Окончательно замерзнув, Карс поспешил вылезти из воды. Глоток молодого вина, близость костра и осознание того, что маленькая фигурка сидит неподвижно неподалеку, быстро согрели его. Амок хрустел ячменем из торбы. Сыроватый плавник стрелял в небо фейерверком искр. Узкая женская спина, обращенная к нему, казалась по-кошачьему гибкой. Он лёг, подпёр голову рукой и, смотря в огонь, тихонько запел песню, которую напевала старая кормилица, полная и краснощекая Арсия:
Ночь. Прохладный ветерок -
Паж лихого дня,
Обегает семь дорог...
Только он назад вернётся -
Крошка-королева взглянет на меня.
Свита лунная её
Убегает от огня,
Что сочится сквозь окно,
Словно нить златая вьётся...
Крошка-королева смотрит на меня.
...В пляске листьями кружатся,
Улыбаясь и маня,
Как из доброй старой сказки.
Пламя красным сердцем бьётся...
Крошка-королева смотрит на меня.
Глаза его закрывались.

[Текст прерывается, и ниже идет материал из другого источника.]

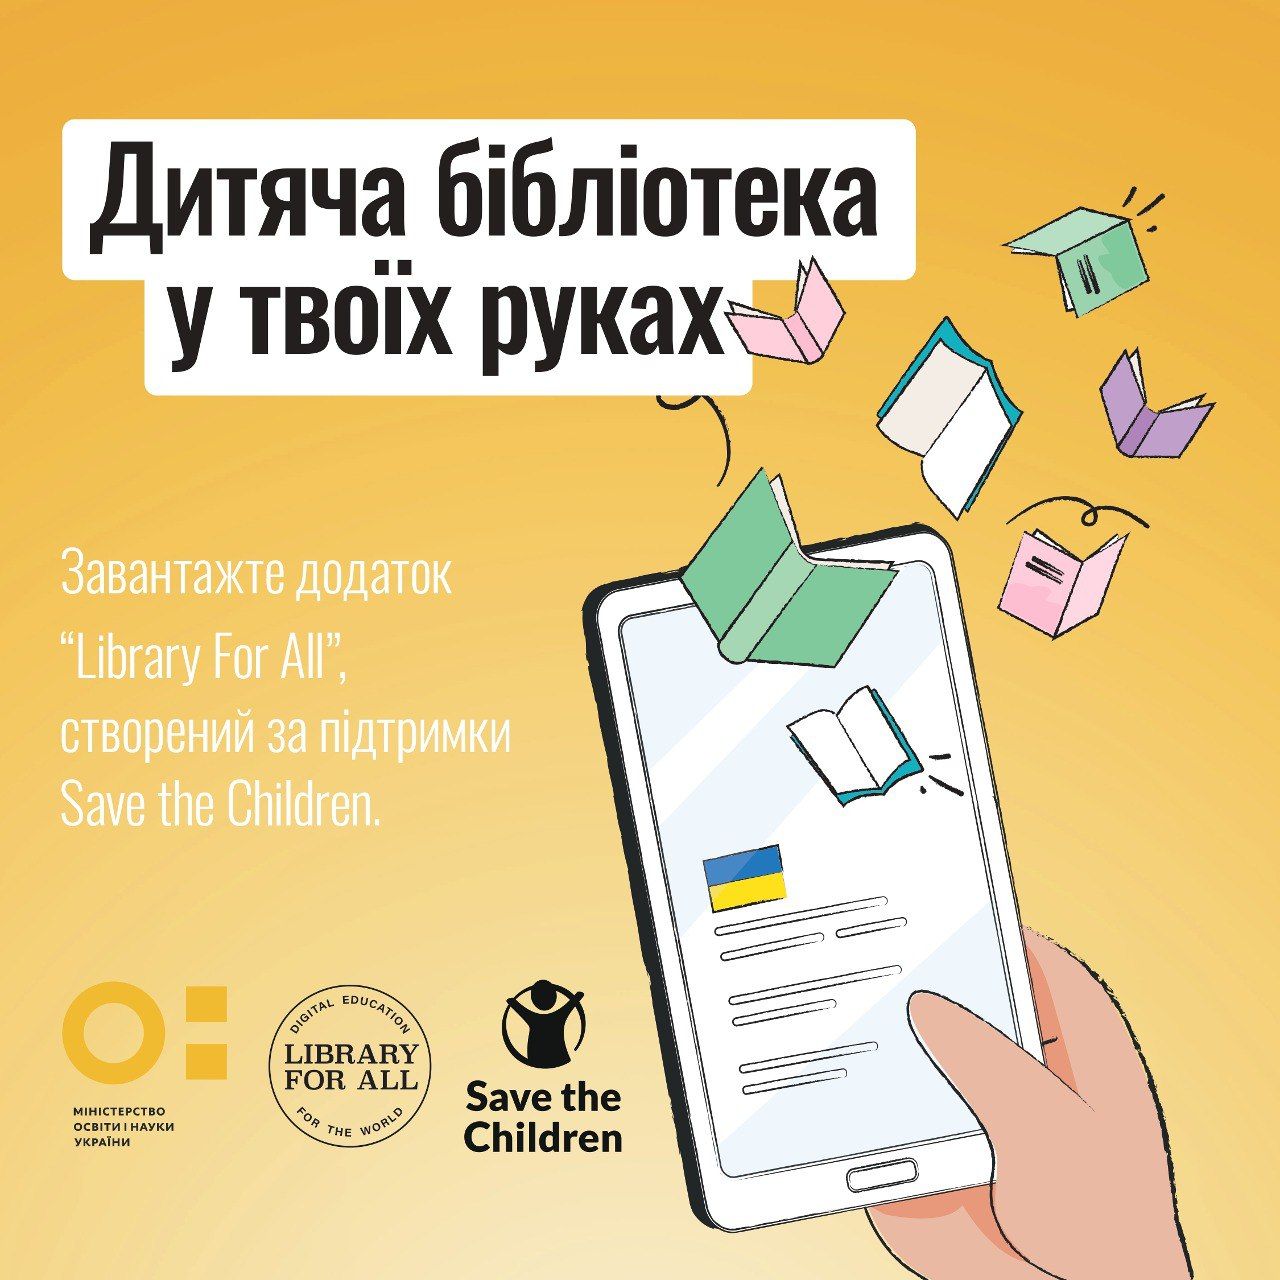 Книги для школьников - в Украине создали приложение, которое работает без интернета - 24 канал - Образование

Юноша уснул, уткнувшись лицом в сгиб локтя. А когда проснулся, костёр давно потух, а угли взлетели на небо, рассыпавшись огненной дорожкой по полотнищу небосвода. Южные звёзды - совсем не такие, как в кольце Арзиата! Близкие и яркие, они висели гроздьями, просились в ладони...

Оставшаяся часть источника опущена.